▶ Exercise description
Look through the entries for the string "painting" and copy every line where it shows up.

▶ The data
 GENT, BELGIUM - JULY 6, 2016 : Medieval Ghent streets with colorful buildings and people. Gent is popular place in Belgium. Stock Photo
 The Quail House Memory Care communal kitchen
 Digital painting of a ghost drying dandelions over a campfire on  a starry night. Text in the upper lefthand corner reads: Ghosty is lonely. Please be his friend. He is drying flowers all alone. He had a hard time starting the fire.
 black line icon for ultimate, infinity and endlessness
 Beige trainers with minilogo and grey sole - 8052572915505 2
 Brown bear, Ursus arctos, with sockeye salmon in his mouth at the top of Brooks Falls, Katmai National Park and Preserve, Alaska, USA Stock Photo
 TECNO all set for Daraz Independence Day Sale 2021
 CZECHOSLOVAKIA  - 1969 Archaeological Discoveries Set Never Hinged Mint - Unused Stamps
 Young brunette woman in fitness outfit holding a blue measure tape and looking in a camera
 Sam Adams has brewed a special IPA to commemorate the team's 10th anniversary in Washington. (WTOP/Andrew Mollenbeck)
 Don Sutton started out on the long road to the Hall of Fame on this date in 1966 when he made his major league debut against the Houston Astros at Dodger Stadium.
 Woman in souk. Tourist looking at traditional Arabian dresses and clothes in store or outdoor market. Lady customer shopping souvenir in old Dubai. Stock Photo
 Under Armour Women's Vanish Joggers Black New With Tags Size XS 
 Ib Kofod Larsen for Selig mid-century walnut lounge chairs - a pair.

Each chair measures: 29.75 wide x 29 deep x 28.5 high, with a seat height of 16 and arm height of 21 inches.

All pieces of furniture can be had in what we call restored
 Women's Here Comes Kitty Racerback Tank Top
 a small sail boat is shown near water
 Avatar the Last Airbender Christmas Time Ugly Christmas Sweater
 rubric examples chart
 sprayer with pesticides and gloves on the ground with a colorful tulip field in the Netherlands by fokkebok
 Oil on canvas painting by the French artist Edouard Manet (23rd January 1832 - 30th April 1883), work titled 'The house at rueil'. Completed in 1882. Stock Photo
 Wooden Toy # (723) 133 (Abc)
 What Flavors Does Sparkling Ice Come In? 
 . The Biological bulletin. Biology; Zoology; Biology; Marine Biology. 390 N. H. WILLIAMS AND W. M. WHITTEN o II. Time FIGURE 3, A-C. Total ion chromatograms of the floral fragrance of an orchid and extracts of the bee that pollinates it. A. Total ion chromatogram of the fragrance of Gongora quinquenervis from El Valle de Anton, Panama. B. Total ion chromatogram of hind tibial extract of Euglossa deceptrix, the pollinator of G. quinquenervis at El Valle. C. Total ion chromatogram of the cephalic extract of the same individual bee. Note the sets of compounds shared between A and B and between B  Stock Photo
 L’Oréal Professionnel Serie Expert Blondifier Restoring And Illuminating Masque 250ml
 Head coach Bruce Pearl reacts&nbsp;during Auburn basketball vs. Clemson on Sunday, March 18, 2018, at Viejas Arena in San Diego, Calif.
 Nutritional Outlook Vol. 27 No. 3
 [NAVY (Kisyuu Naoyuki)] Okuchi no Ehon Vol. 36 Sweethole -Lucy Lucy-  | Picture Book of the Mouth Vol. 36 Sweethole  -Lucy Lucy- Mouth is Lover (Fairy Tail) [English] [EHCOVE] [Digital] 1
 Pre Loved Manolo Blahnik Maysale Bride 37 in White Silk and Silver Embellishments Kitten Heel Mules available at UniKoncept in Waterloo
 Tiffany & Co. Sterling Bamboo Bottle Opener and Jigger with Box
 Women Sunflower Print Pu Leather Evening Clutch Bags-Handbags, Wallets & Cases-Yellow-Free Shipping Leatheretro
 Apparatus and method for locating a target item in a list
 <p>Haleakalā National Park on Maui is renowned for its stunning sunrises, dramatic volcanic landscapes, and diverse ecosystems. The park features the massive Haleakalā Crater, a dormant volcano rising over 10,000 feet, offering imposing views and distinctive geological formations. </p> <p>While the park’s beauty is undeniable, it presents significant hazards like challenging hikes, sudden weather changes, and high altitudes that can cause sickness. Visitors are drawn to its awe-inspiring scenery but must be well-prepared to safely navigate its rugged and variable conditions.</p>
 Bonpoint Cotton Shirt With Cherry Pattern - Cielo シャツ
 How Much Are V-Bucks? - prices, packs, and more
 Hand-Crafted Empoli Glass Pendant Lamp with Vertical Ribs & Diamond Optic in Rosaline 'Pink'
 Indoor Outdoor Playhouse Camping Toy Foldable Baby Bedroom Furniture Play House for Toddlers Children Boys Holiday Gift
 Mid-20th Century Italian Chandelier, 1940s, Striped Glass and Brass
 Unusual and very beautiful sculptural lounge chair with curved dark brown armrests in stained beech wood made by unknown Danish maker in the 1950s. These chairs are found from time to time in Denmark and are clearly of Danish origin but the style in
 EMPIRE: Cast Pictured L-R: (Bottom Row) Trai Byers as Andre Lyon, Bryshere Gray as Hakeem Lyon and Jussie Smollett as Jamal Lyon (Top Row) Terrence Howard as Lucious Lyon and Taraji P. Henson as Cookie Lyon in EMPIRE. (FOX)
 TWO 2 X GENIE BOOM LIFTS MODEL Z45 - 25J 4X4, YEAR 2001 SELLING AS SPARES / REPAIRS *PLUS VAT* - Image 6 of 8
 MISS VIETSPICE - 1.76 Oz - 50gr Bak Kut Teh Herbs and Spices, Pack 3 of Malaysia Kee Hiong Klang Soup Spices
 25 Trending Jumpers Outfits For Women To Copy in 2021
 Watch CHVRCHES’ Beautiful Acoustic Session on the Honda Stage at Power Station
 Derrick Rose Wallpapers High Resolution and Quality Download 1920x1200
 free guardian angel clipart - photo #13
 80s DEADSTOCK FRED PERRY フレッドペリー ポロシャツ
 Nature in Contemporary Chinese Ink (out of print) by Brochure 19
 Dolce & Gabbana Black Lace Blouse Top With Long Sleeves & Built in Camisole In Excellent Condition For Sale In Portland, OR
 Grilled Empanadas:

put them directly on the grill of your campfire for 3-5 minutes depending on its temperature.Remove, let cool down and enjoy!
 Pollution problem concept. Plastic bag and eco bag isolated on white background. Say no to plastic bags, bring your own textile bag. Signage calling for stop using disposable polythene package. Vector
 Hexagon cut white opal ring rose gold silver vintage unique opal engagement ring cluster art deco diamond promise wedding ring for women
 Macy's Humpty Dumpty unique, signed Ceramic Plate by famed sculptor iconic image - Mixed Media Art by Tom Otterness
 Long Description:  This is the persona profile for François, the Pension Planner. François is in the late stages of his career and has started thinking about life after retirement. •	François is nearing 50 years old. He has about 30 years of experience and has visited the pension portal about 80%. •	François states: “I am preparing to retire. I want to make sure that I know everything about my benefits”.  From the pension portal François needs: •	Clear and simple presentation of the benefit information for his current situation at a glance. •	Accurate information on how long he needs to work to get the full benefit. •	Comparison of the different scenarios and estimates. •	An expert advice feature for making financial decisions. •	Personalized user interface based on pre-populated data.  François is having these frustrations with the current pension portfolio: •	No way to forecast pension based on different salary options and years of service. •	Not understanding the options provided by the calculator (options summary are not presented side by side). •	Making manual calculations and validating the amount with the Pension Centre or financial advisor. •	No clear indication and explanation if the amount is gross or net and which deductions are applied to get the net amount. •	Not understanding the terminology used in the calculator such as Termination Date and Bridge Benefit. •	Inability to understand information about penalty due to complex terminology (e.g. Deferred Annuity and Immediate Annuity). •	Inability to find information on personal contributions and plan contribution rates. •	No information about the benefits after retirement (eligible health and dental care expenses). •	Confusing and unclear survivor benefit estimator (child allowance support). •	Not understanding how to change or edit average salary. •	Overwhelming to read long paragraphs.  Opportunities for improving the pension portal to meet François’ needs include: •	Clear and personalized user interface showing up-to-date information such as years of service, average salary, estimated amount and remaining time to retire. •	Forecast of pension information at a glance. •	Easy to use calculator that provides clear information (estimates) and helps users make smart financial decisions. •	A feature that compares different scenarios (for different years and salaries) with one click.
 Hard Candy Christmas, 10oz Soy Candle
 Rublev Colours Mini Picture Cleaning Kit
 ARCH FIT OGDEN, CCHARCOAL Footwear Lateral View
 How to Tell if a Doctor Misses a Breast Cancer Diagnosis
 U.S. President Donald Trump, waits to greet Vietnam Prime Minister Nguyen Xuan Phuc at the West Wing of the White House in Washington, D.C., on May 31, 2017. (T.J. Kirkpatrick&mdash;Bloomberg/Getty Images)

▶ Task output
 Digital painting of a ghost drying dandelions over a campfire on  a starry night. Text in the upper lefthand corner reads: Ghosty is lonely. Please be his friend. He is drying flowers all alone. He had a hard time starting the fire.
 Oil on canvas painting by the French artist Edouard Manet (23rd January 1832 - 30th April 1883), work titled 'The house at rueil'. Completed in 1882. Stock Photo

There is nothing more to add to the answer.